Alcohol and its effects on the body
Alcohol is a poison. The body mounds specific defenses to combat the effects of alcohol, and is able to keep up with this toxin at a rate of about 1 drink an hour. The following is a conversation about what happens when you drink more.
As the stomach encounters and identifies alcohol, it and the liver release an enzyme called alcohol dehydrogenase. This steals a hydrogen molecule off of alcohol and leaves acetaldehyde. This molecule, while not intoxicating to the body, may contribute to the “hangover;” a poorly understood phenomenon. Young men have 70-80% greater enzyme activity in the presence of alcohol than women, but this deteriorates slowly until age 55-60, where they produce less of the enzyme than their female counterparts.
A second enzyme, aldehyde dehydrogenase, bats cleanup and helps remove the acetaldehyde. Some people, including about one third of the Asian population, have a mutation in the amino acid chain that prevents it from cleaning up the acetaldehyde. An excess of this molecule causes skin flushing, dizziness, extreme nausea, and sometimes palpitations.
Drugs like Aspirin, when taken before drinking, inhibits alcohol dehydrogenase, which ironically increases acetaldehyde and the eventual “hangover.”

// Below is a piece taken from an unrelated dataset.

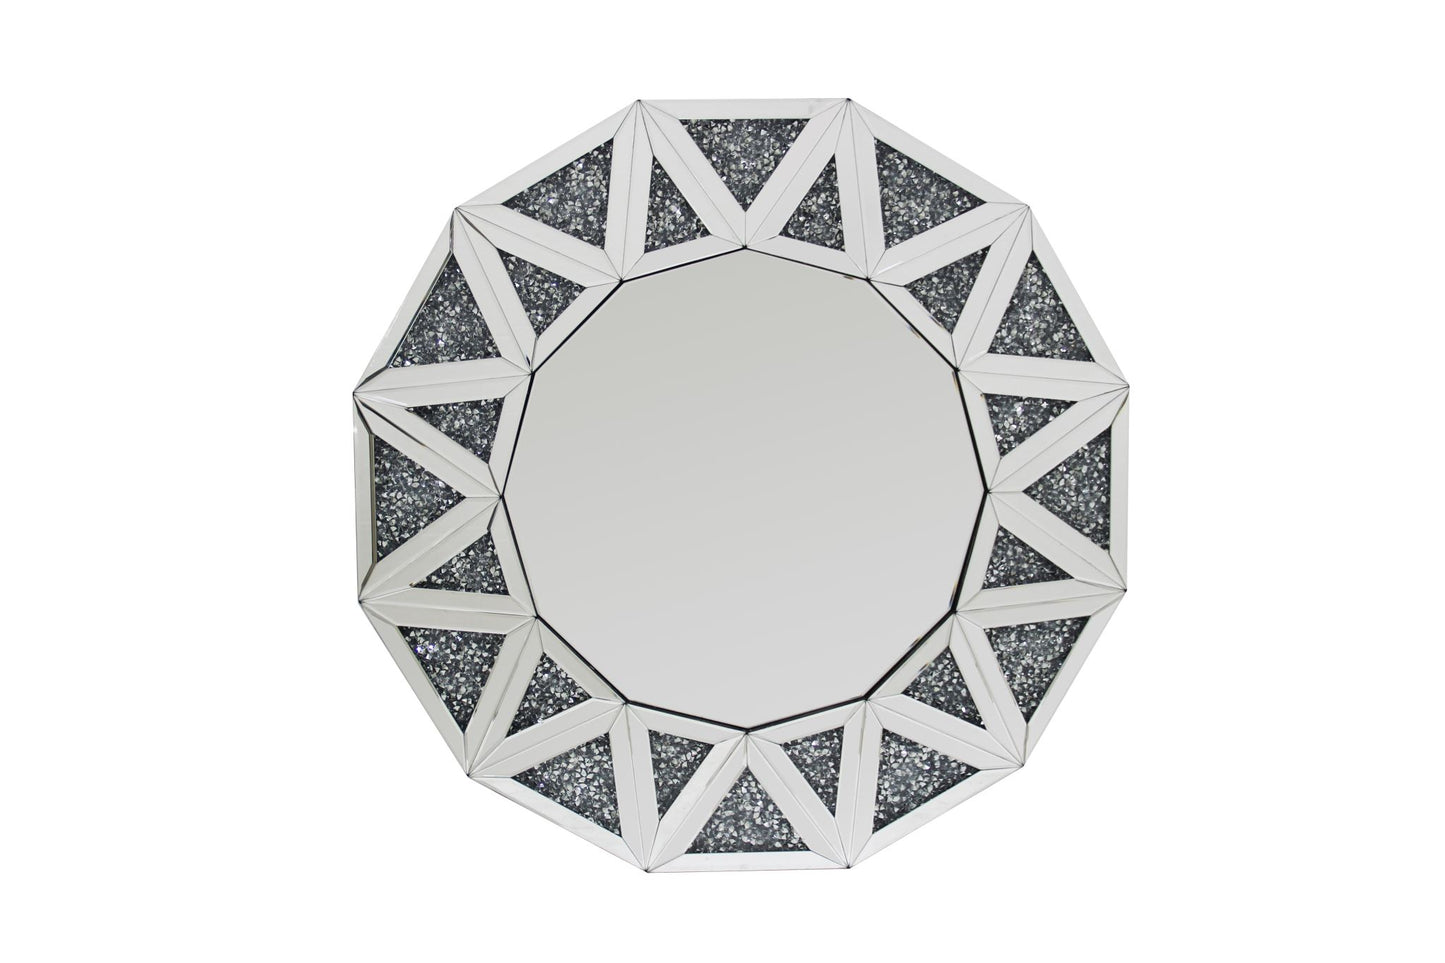 Diamond star mirror

The challenge for the body becomes how to deal with the alcohol before it hits the small intestine, where it has 200 sq. meters of surface area to absorb. Eating while drinking helps the body do this. Food in the stomach activates the pyloric sphincter, which closes off the stomach from the small intestine. This keeps the alcohol in the stomach, where it doesn’t absorb well and the body has time to convert it. When only liquid is in the stomach, it passes more freely into the small intestine. The stomach in this case is responsible for 20% of the absorption, and the intestine for 80%. Once alcohol hits the small intestine, the body only has one trick left to eliminate a poison, and hopefully you brought an extra set of underwear.
When it comes to actual drinking, higher ABV doesn’t always mean quicker intoxication. Up to about 20% ABV, the body passes alcohol though to the small intestine rapidly. Above that, as in shots of hard liquor, the body tightens the pyloric sphincter and slows absorption. So shots sit in your stomach for longer, like a time release. Later, they can hit you harder than you anticipated. This is why you can take a large number of shots in a short period of time. This is also why that can kill you. Add to that the fact that rapid consumption of alcohol postpones the maximum BAC lever by 2 hours (instead of 30 min. in social drinking), and you have a recipe for a surprise. You keep getting drunker long after you decide you have had enough.
Larger people can hold more alcohol than smaller people. More tissue means more space to store alcohol while the body tries to metabolize it. Women tend to carry a higher body fat percentage than men, and since adipose (fat) tissue carries less water than muscle tissue, it doesn’t have as much ability to dilute the alcohol.
Alcohol does not kill brain cells. It shrinks the brain over long term, but doesn’t kill the cells. It does, however, slowly kills liver cells. When you drink, your brain cells remain more or less unchanged. It’s the neurotransmitters that are affected. Alcohol gets in between the cells and blocks glutamate receptors, which are excitatory, and actually increases GABA receptor activity, which are inhibitory. As more alcohol works its way in between the cells, the brain, literally, gets slower. At a high enough dose, alcohol actually mimics the neurotransmitter GABA, can bind to the cell, and causes a semi-permanent inhibitory response. The body, among other things, slows its breathing until it eventually stops.
While everyone is aware that alcohol affects the brain, it also affects other parts of the body. At low doses, alcohol increases the heart rate. At high doses in health young adults, it causes EKG irregularities. In the endocrine system, it affects the pancreas. In the presence of alcohol, the pancreas over-reacts to the presence of simple sugars and carbohydrates, and over produces insulin. As any Type 1 diabetic will tell you, they have to be really careful about what they eat when the are also having booze. The low sugar levels, in addition to dehydration from the kidneys trying to clean up the blood all night, along with the acetaldehyde mentioned earlier, is likely the cause of the “hangover.”